Steve Jobs’s public fight with Adobe over Flash represents the barest hint of the challenges graphics artists and web development teams confront when trying to create content for this fractured world of 24/7 connectivity. The “perfect” world is promised to us all in the form of HTML5, as though this “standard” will provide platform interoperability. It’s way way too early to make the assertions currently being bandied about tools and techniques that are promised “real soon now.” What is a graphic artist or web developer to do in this environment right NOW?

We might lament the fact that Flash animations and videos won’t play on a hundred & twenty million devices and bristle at Steve Jobs intransigence. Our clients, however, take a more mercenary view and demand that THEIR content display EXACTLY the same on every platform. Errrr, Uhmmm, Uhhhh – that’s what they pay us for – right? After all, we’re the content creation experts – right?

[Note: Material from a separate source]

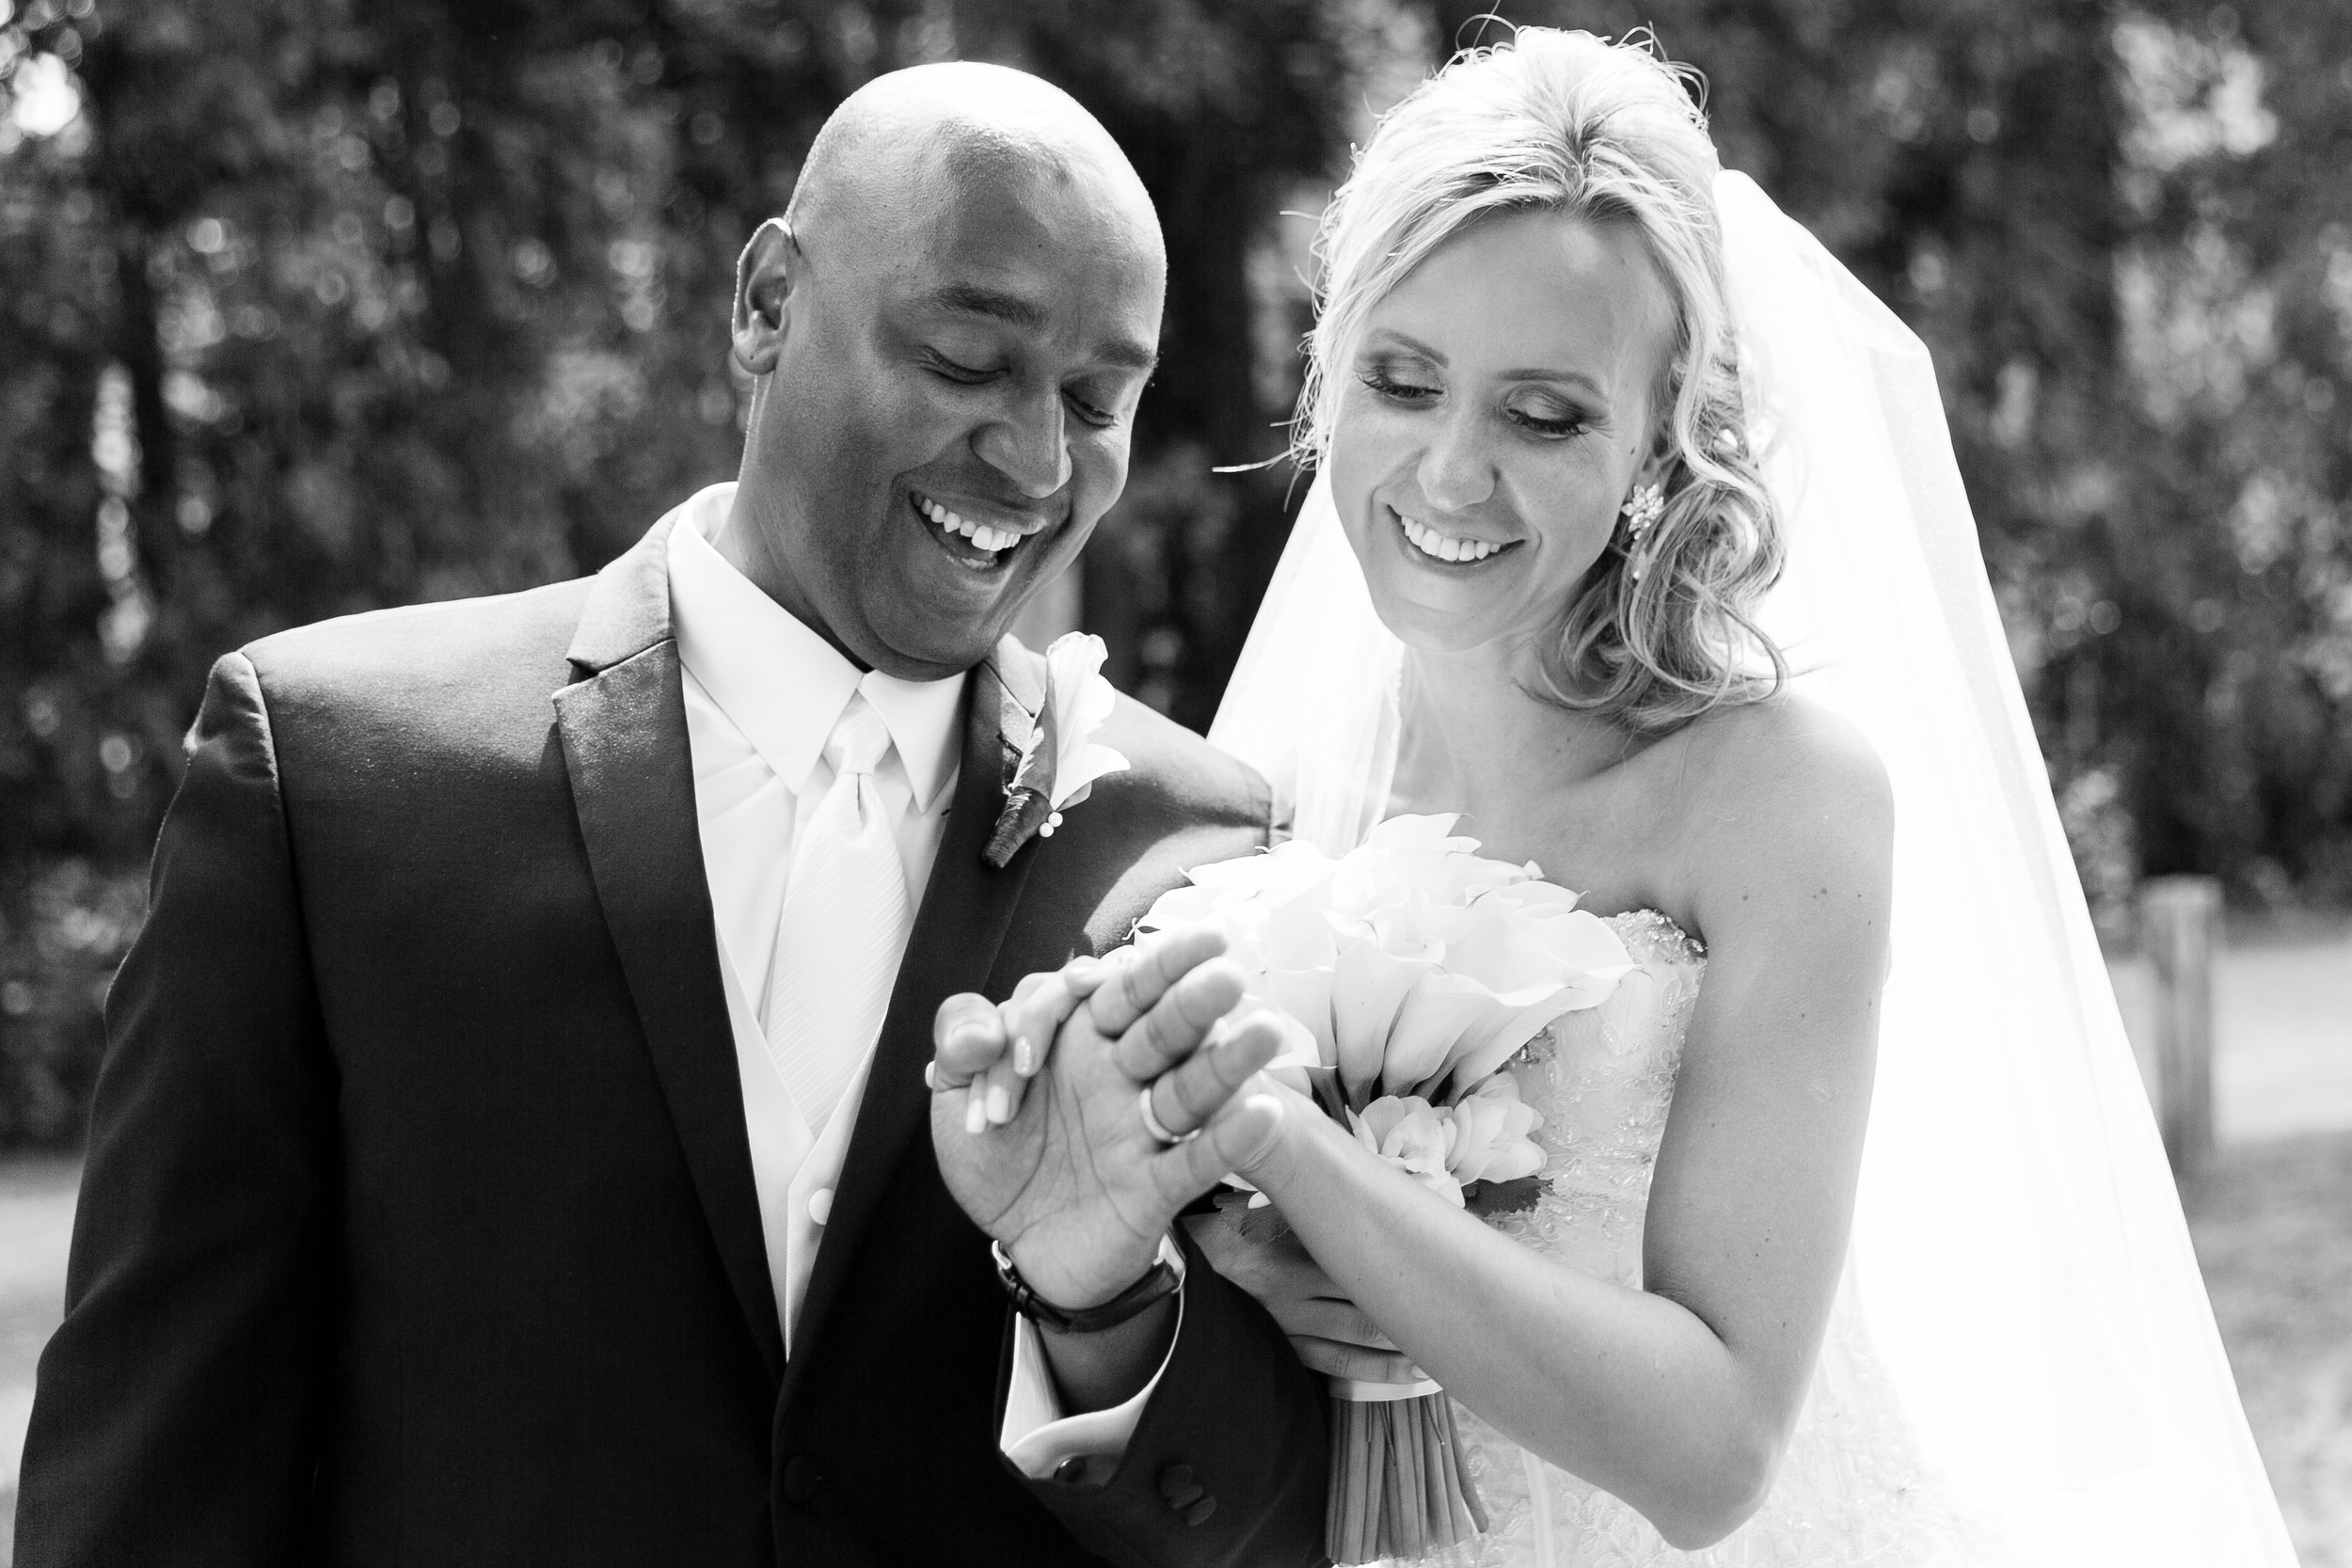 Elegant-American-Wedding-Harkness-Mystic-CT-Documentary-Wedding-Photographer-Jacek-Dolata-9.jpg

It was during one of these lamentations that a colleague blurted out, “I am going to do a site that is nothing but PNG files with hotspots – not a single bit of text, no style sheet, nothing! In a strange way – it’s not a bad idea. We have done a couple of brochure sites where each & every web page consists of a one-column, two row table and two PNG files. It can be done and the pages display perfectly on every platform we’ve tested them on. Try it – you might be surprised – One very important caveat! If you do a site that is all images – it’s very important to describe, keyword and metatag that site so search engines will know what to do with it.

One other caveat is that this design technique is only appropriate for the type of content that rarely, if ever changes. One example we did was for a personal trainer → and then, in turn, linked a menu choice to a google sites blog so that she could have a beautiful ‘brochure’ and a platform to easily update.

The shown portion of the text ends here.